There’s no doubt that Flash 11’s new Stage3D API can produce some amazing results by giving us access to the power of the user’s video card/GPU. However, it’d be a mistake to blindly assume that it is always faster than the traditional Flash display list (i.e. Stage). Today’s article begins a series that discusses the topic of “draw calls” and how they heavily impact the performance of your application.

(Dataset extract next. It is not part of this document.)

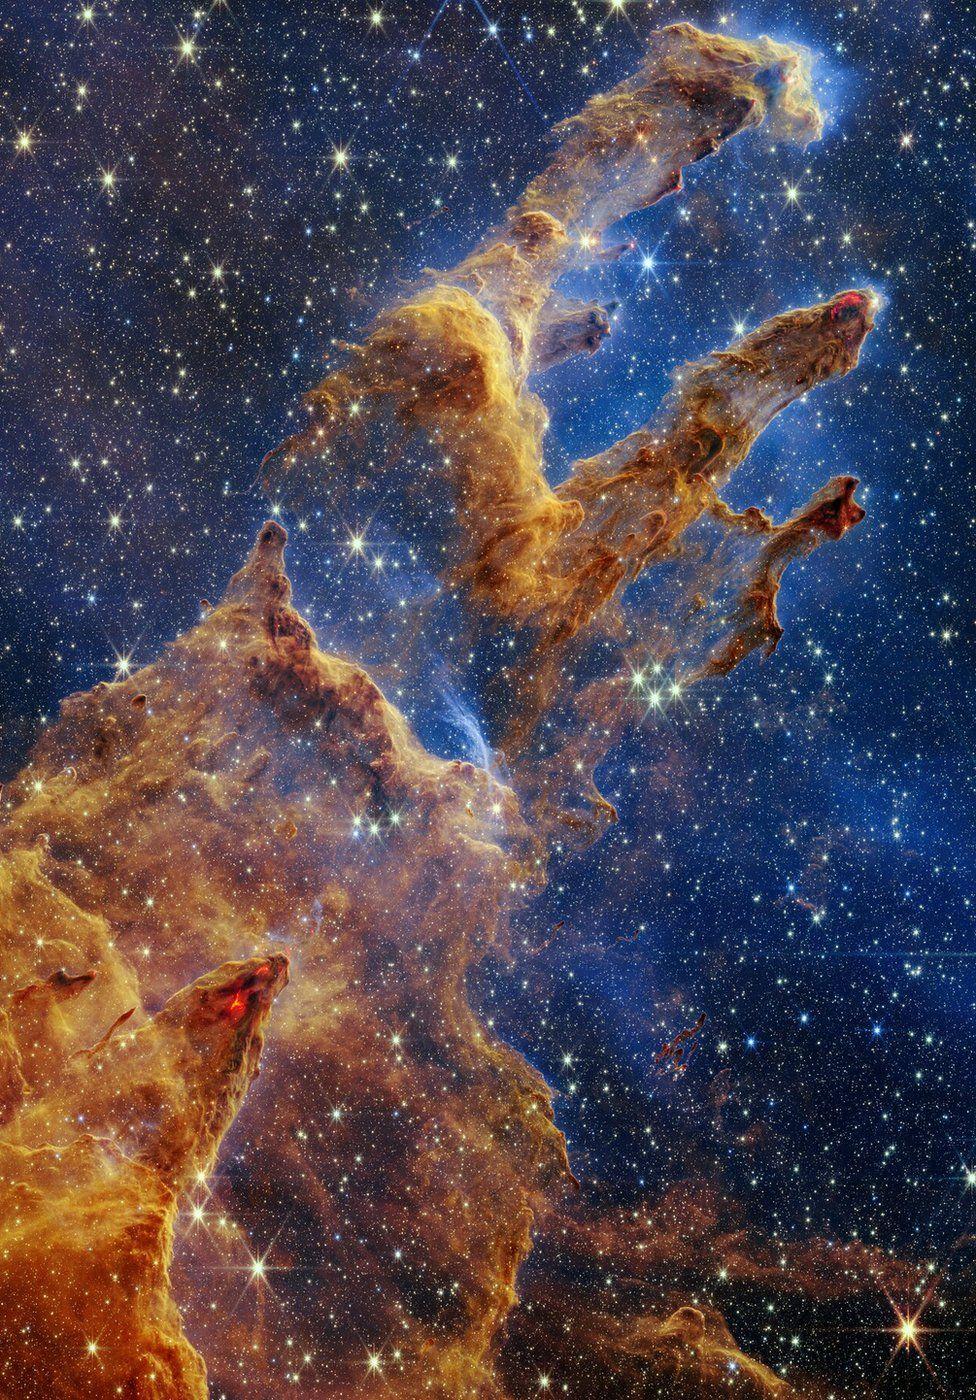 Pillars are cold and dense clouds of hydrogen and dust

Simply put, a “draw call” (or simply a “draw”) is a call to Context3D.drawTriangles. To get anything other than a background color to show up, you’ll need to make at least one call to this function. As it turns out, a video card/GPU is happiest when you make exactly one call to this function. The reason is simple: GPUs prefer to be given a large data set and to chug away on it uninterrupted. Giving the GPU a few triangles at a time is the perfect way to interrupt this batch processing of your rendering data. In fact, you may have noticed that a shader program in Flash 11 cannot contain any branching code such as if-else or switch. While these branching instructions are actually available on many GPUs, they result in an interruption to the GPU’s batch processing because the sequence of shader opcodes to execute will change depending on the condition of your branching code.

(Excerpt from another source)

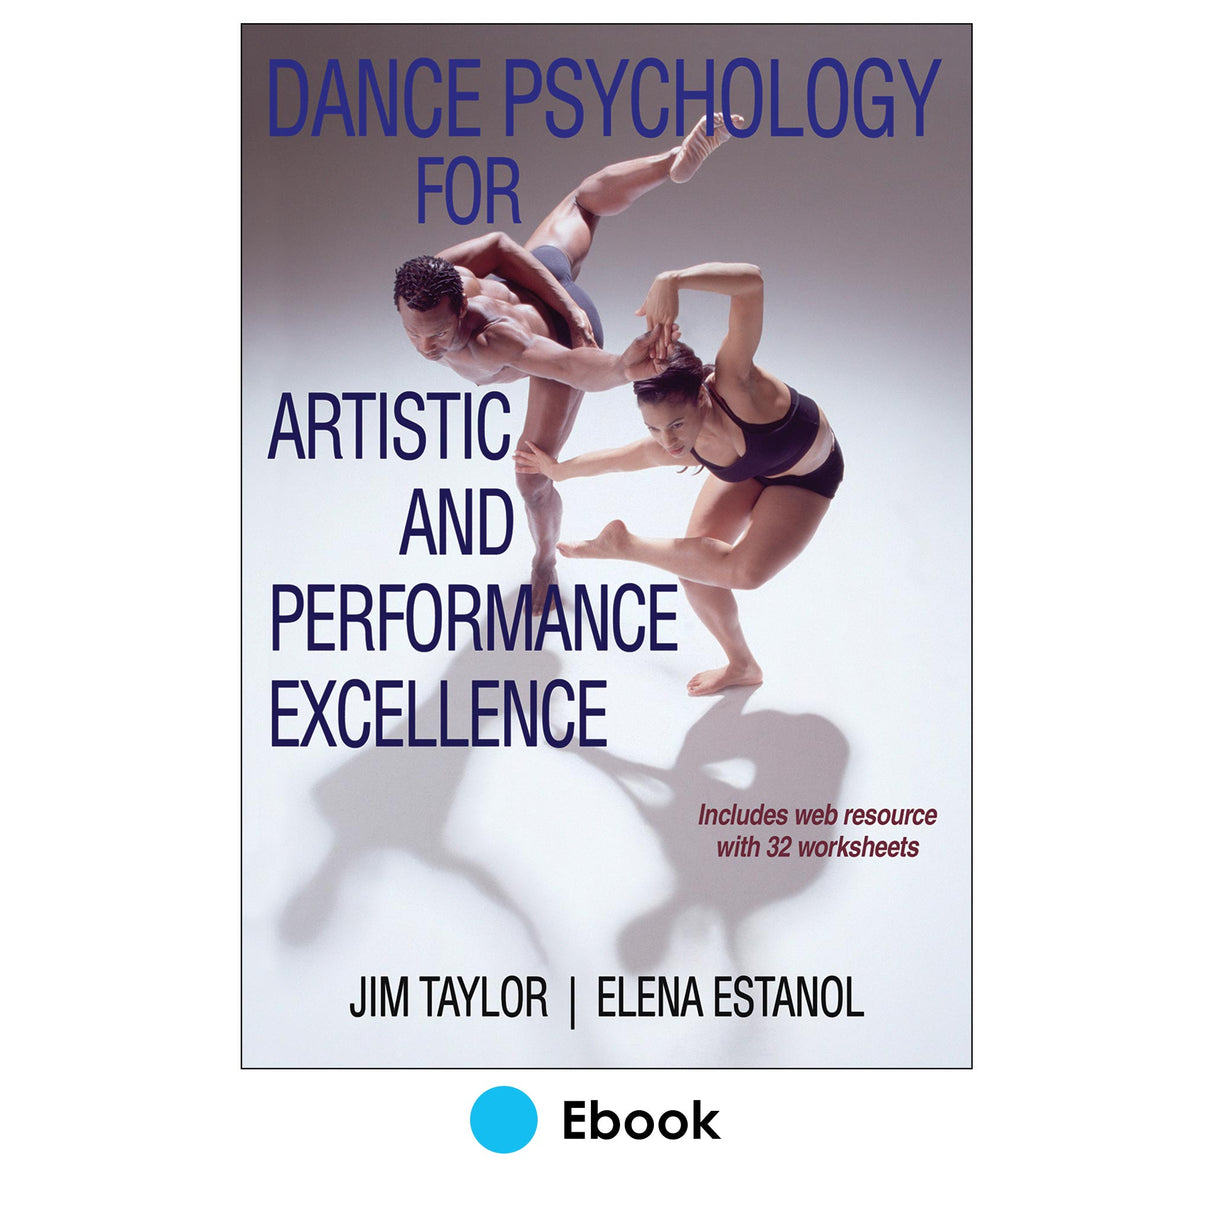 Dance Psychology for Artistic and Performance Excellence PDF With Web Resource

So, for today’s test I will pit the Stage3DSprite class from my Simple 2D With Stage3D article against the venerable Bitmap class from the Flash Player API. The test app allows you to change the mode from Stage3DSprite to Bitmap, enable/disable moving, rotating, and scaling the sprites, and increase/decrease the number of sprites being displayed. First off, here is the Stage3DSprite class with one method (dispose) added to it:

package
{
	import flash.geom.*;
	import flash.utils.*;
	import flash.display.*;
	import flash.display3D.*;
	import flash.display3D.textures.*;
 
	import com.adobe.utils.*;
 
	/**
	*   A Stage3D-based 2D sprite
	*   @author Jackson Dunstan, www.JacksonDunstan.com
	*/
	public class Stage3DSprite
	{
		/** Cached static lookup of Context3DVertexBufferFormat.FLOAT_2 */
		private static const FLOAT2_FORMAT:String = Context3DVertexBufferFormat.FLOAT_2;
 
		/** Cached static lookup of Context3DVertexBufferFormat.FLOAT_3 */
		private static const FLOAT3_FORMAT:String = Context3DVertexBufferFormat.FLOAT_3;
 
		/** Cached static lookup of Context3DProgramType.VERTEX */
		private static const VERTEX_PROGRAM:String = Context3DProgramType.VERTEX;
 
		/** Cached static lookup of Vector3D.Z_AXIS */
		private static const Z_AXIS:Vector3D = Vector3D.Z_AXIS;
 
		/** Temporary AGAL assembler to avoid allocation */
		private static const tempAssembler:AGALMiniAssembler = new AGALMiniAssembler();
 
		/** Temporary rectangle to avoid allocation */
		private static const tempRect:Rectangle = new Rectangle();
 
		/** Temporary point to avoid allocation */
		private static const tempPoint:Point = new Point();
 
		/** Temporary matrix to avoid allocation */
		private static const tempMatrix:Matrix = new Matrix();
 
		/** Temporary 3D matrix to avoid allocation */
		private static const tempMatrix3D:Matrix3D = new Matrix3D();
 
		/** Cache of positions Program3D per Context3D */
		private static const programsCache:Dictionary = new Dictionary(true);
 
		/** Cache of positions and texture coordinates VertexBuffer3D per Context3D */
		private static const posUVCache:Dictionary = new Dictionary(true);
 
		/** Cache of triangles IndexBuffer3D per Context3D */
		private static const trisCache:Dictionary = new Dictionary(true);
 
		/** Vertex shader program AGAL bytecode */
		private static var vertexProgram:ByteArray;
 
		/** Fragment shader program AGAL bytecode */
		private static var fragmentProgram:ByteArray;
 
		/** 3D context to use for drawing */
		public var ctx:Context3D;
 
		/** 3D texture to use for drawing */
		public var texture:Texture;
 
		/** Width of the created texture */
		public var textureWidth:uint;
 
		/** Height of the created texture */
		public var textureHeight:uint;
 
		/** X position of the sprite */
		public var x:Number = 0;
 
		/** Y position of the sprite */
		public var y:Number = 0;
 
		/** Rotation of the sprite in degrees */
		public var rotation:Number = 0;
 
		/** Scale in the X direction */
		public var scaleX:Number = 1;
 
		/** Scale in the Y direction */
		public var scaleY:Number = 1;
 
		/** Fragment shader constants: U scale, V scale, {unused}, {unused} */
		private var fragConsts:Vector.<Number> = new <Number>[1, 1, 1, 1];
 
		// Static initializer to create vertex and fragment programs
		{
			tempAssembler.assemble(
				Context3DProgramType.VERTEX,
				// Apply draw matrix (object -> clip space)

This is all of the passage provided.